§ **What the task requires**:
Copy nothing but the lines below, from the one with "Pro Chisel Blush (C472) Crownbrush" through the one with "HousingNOLA Preliminary Report", exactly as written; no pictures should appear.

§ **Available data**:

:::::

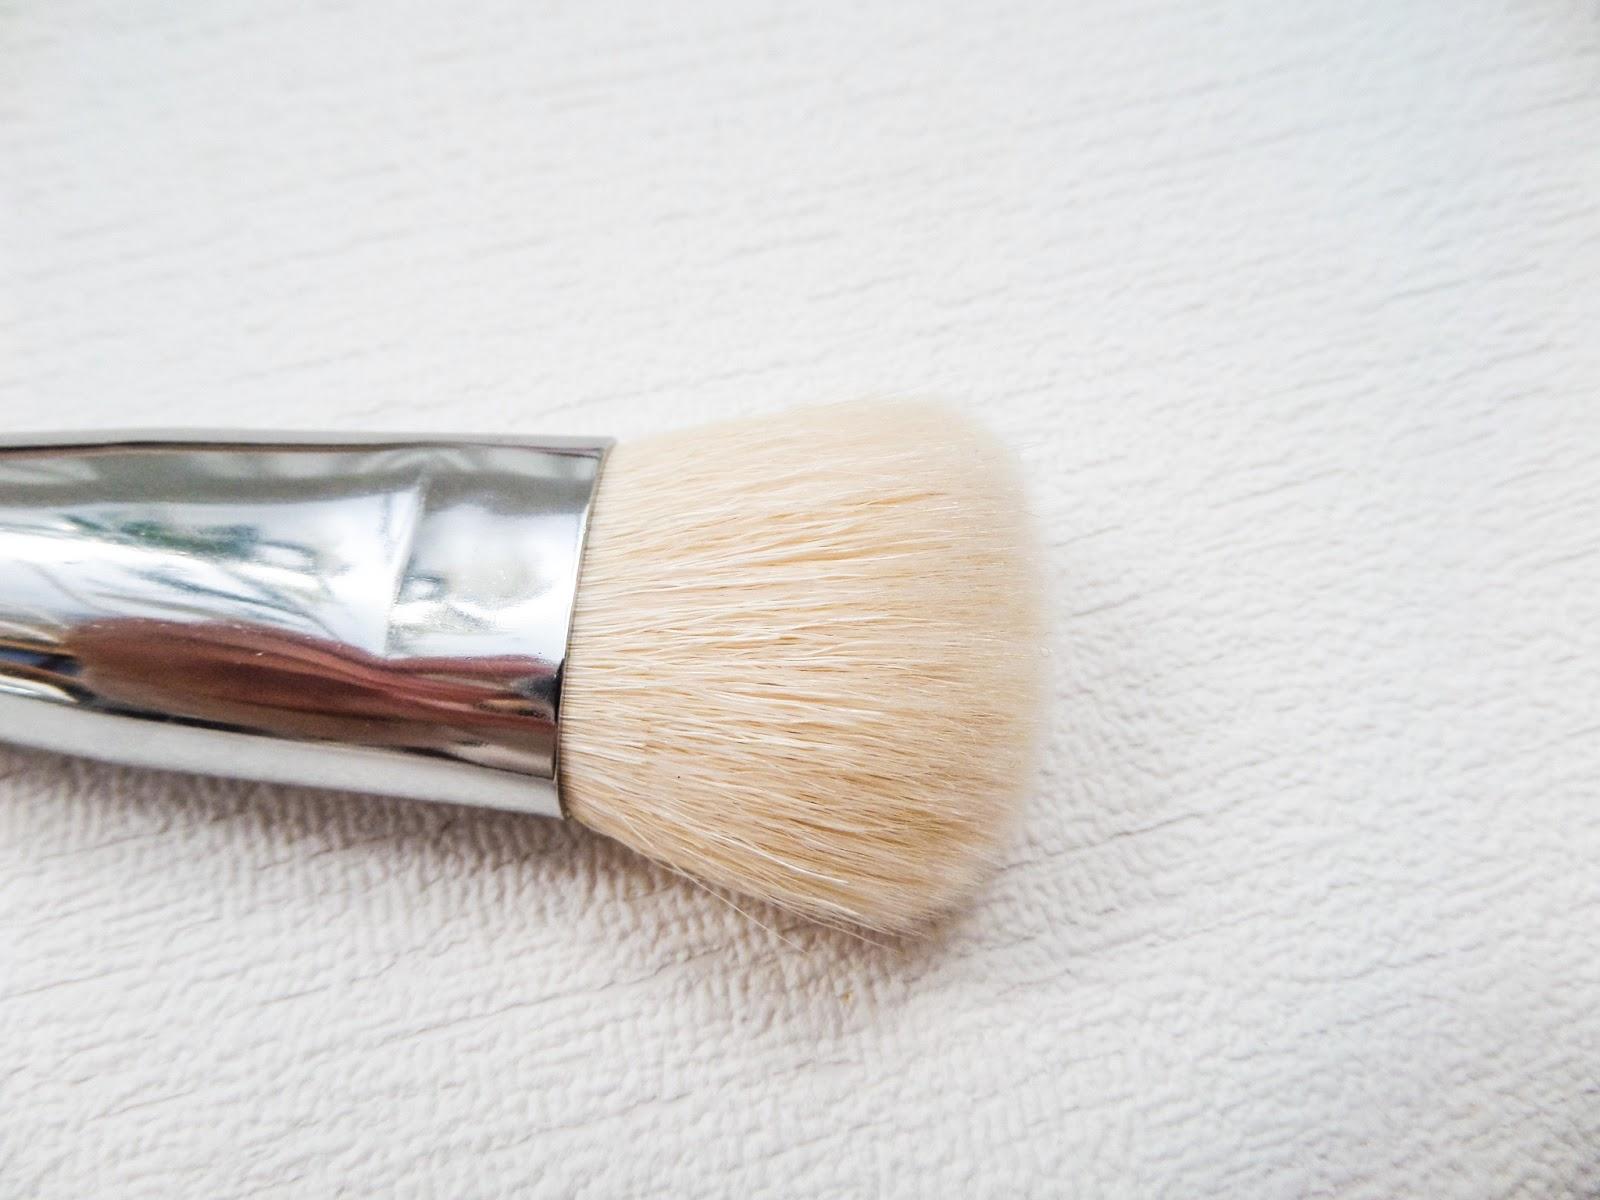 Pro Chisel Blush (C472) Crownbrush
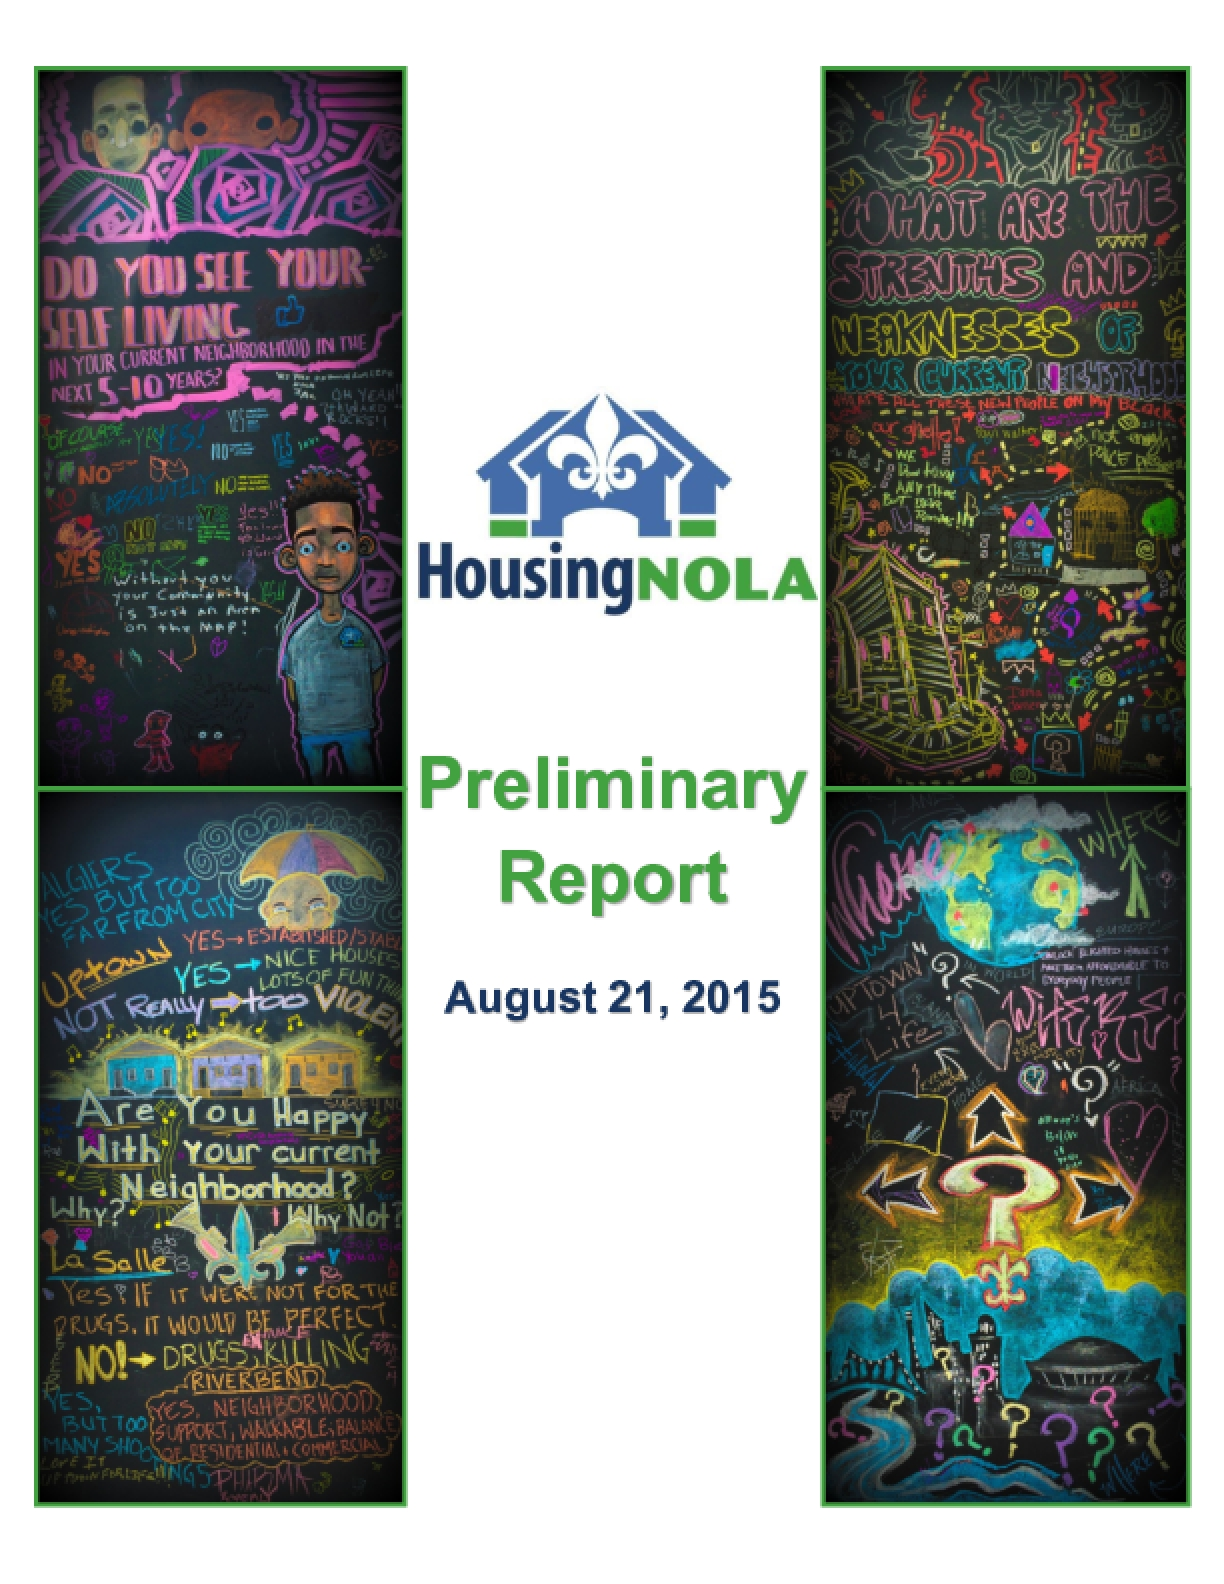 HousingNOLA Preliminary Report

:::::

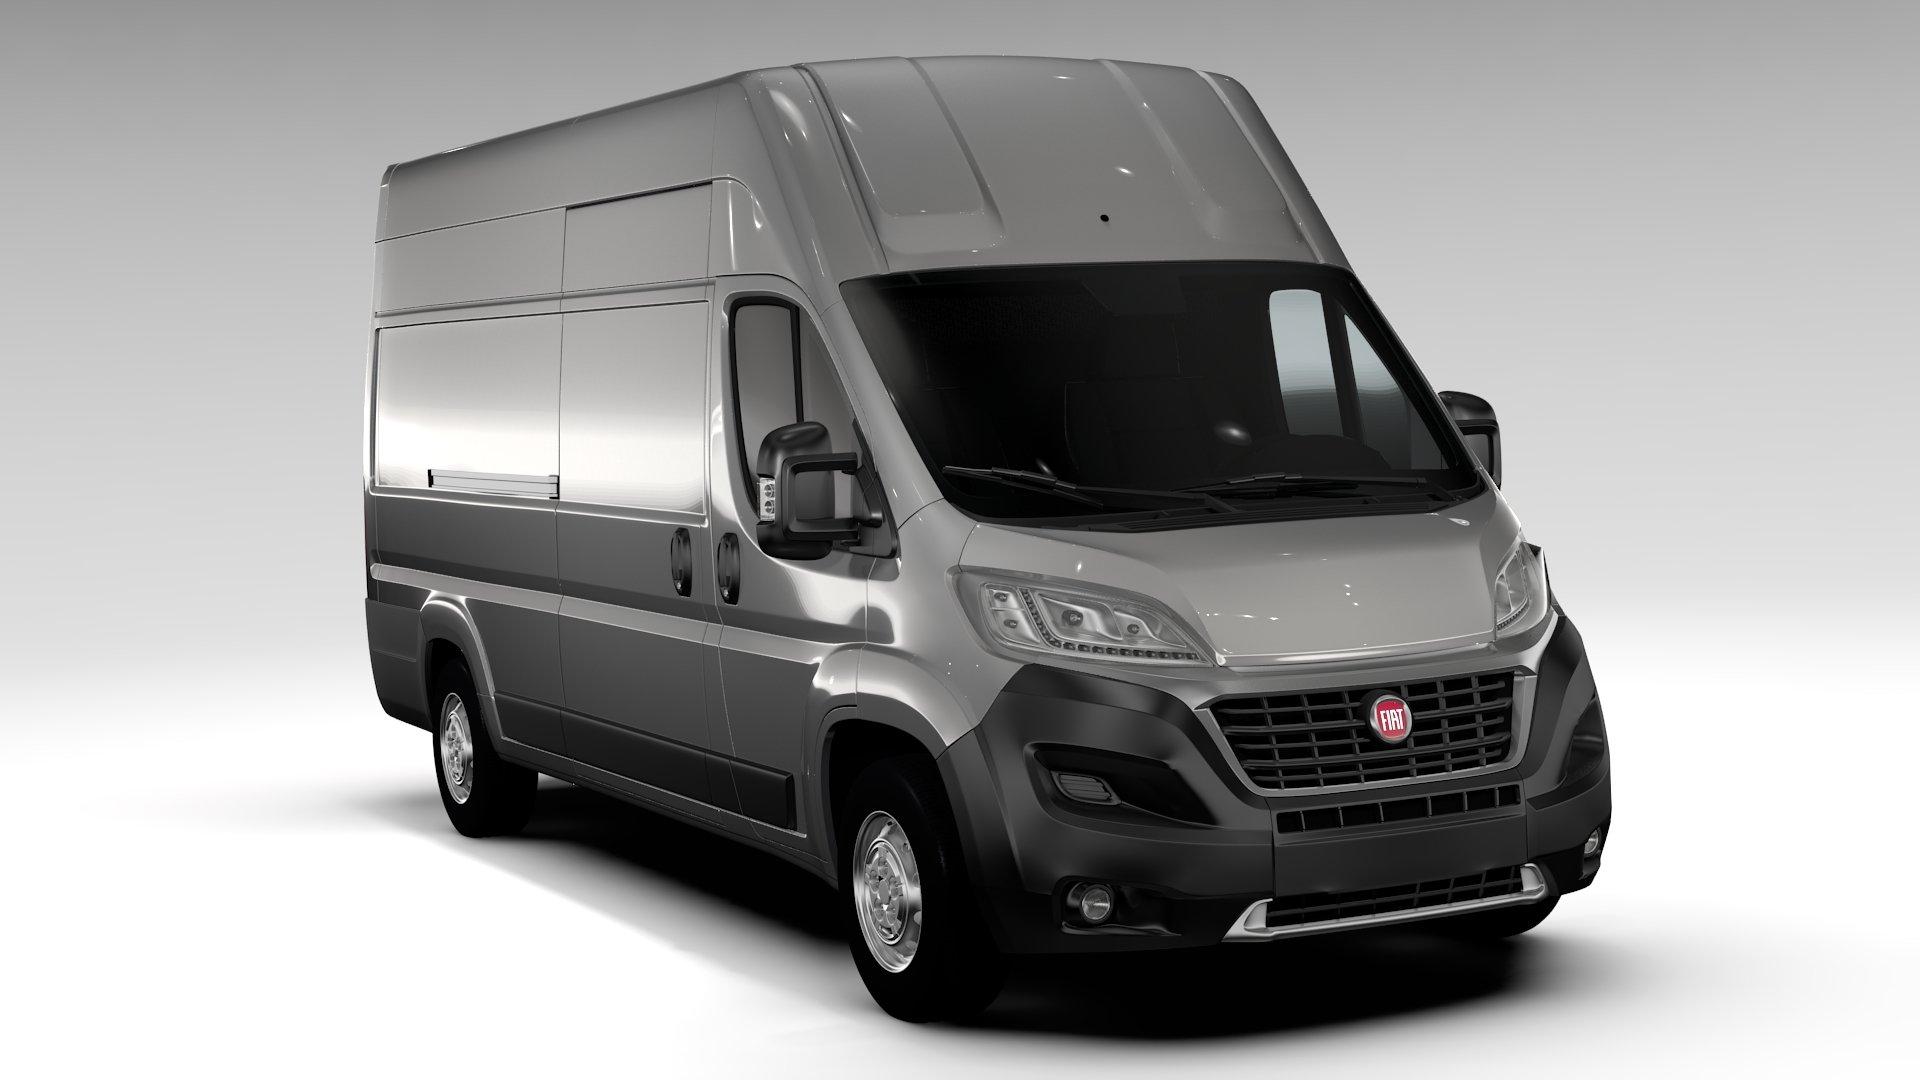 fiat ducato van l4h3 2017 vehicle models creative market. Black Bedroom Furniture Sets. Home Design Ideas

:::::

§ **Answer box**:
 Pro Chisel Blush (C472) Crownbrush
 HousingNOLA Preliminary Report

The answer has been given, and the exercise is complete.